§ Goal of the exercise
Starting at the line that has "10 x 14 Zoll" and stopping after the line that has "George Adomeit, ein", reproduce the listing below exactly; omit everything else.

======== Task inputs

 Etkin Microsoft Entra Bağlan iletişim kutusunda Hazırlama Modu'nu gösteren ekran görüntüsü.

================
======== Task inputs

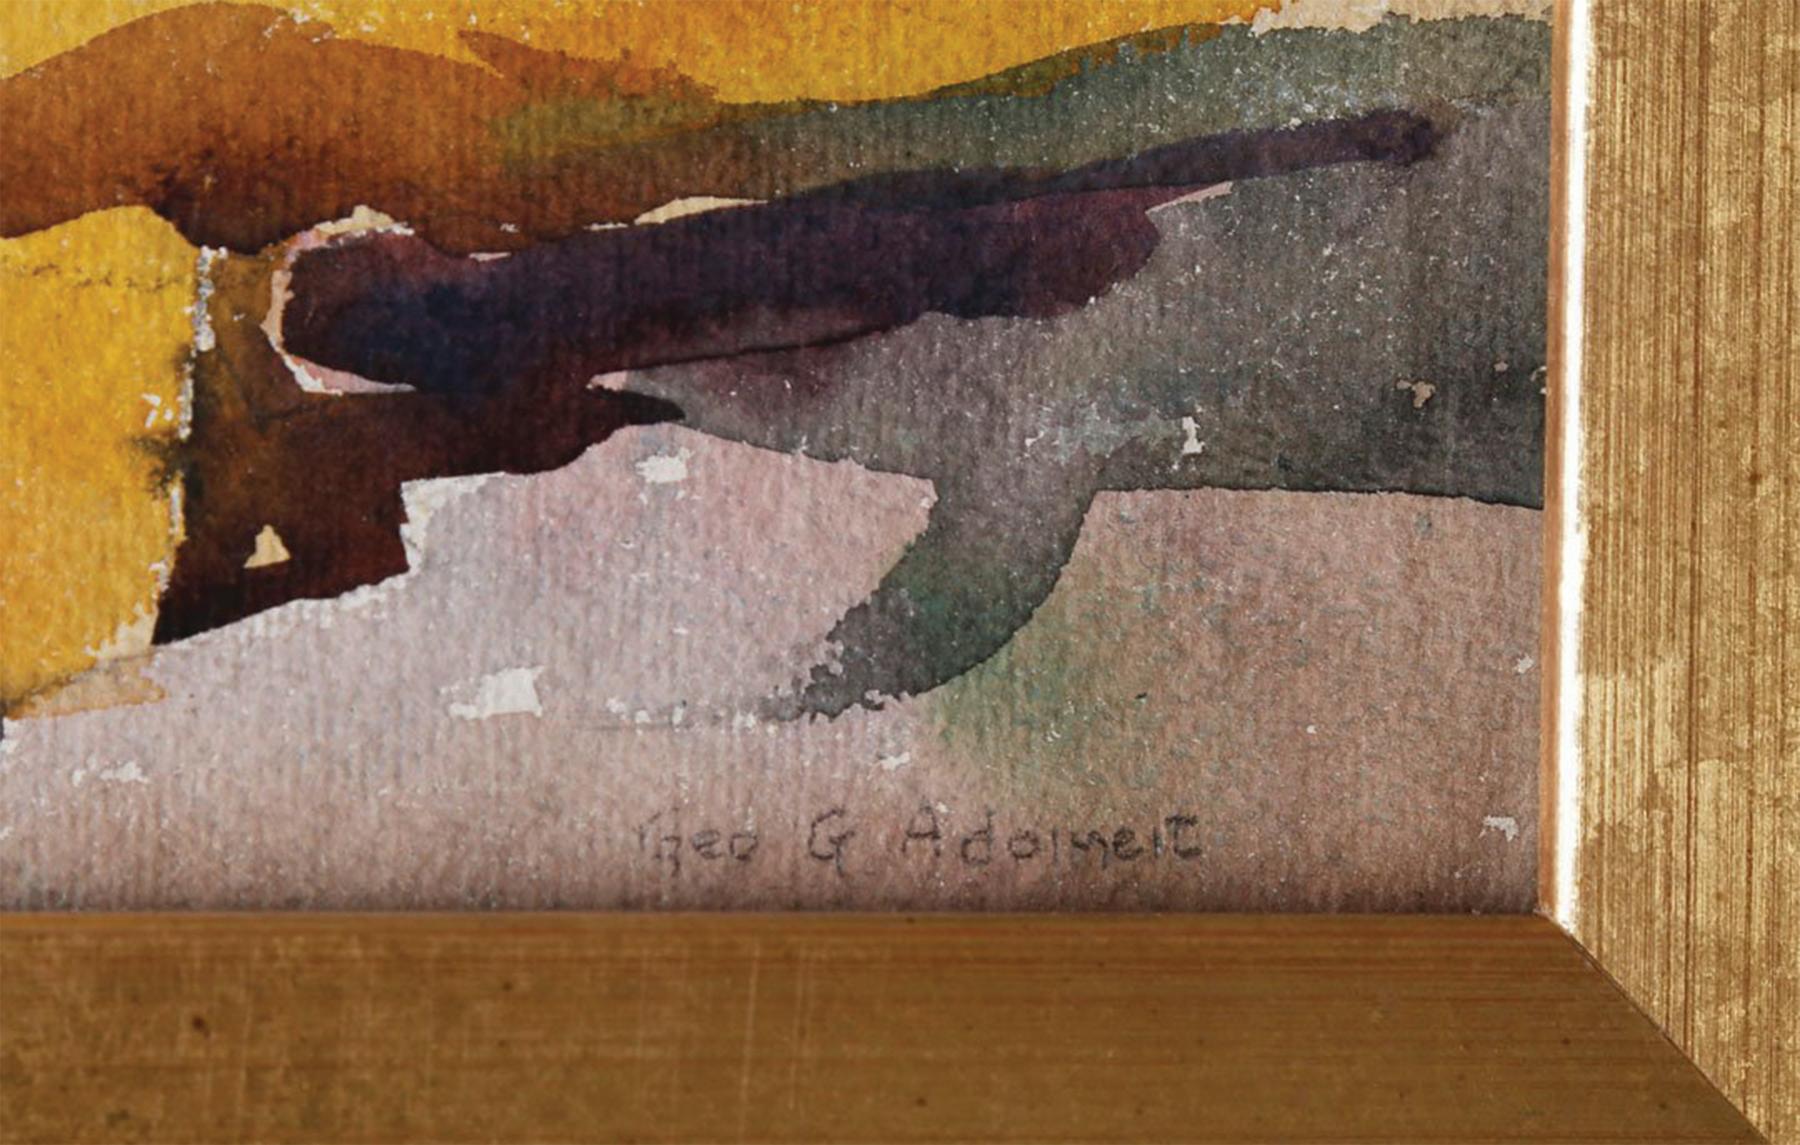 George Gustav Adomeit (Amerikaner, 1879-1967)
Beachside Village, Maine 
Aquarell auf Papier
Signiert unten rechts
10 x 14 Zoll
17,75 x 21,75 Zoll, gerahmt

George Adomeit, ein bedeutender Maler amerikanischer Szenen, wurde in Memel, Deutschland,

================

§ Solved problem
10 x 14 Zoll
17,75 x 21,75 Zoll, gerahmt

George Adomeit, ein bedeutender Maler amerikanischer Szenen, wurde in Memel, Deutschland,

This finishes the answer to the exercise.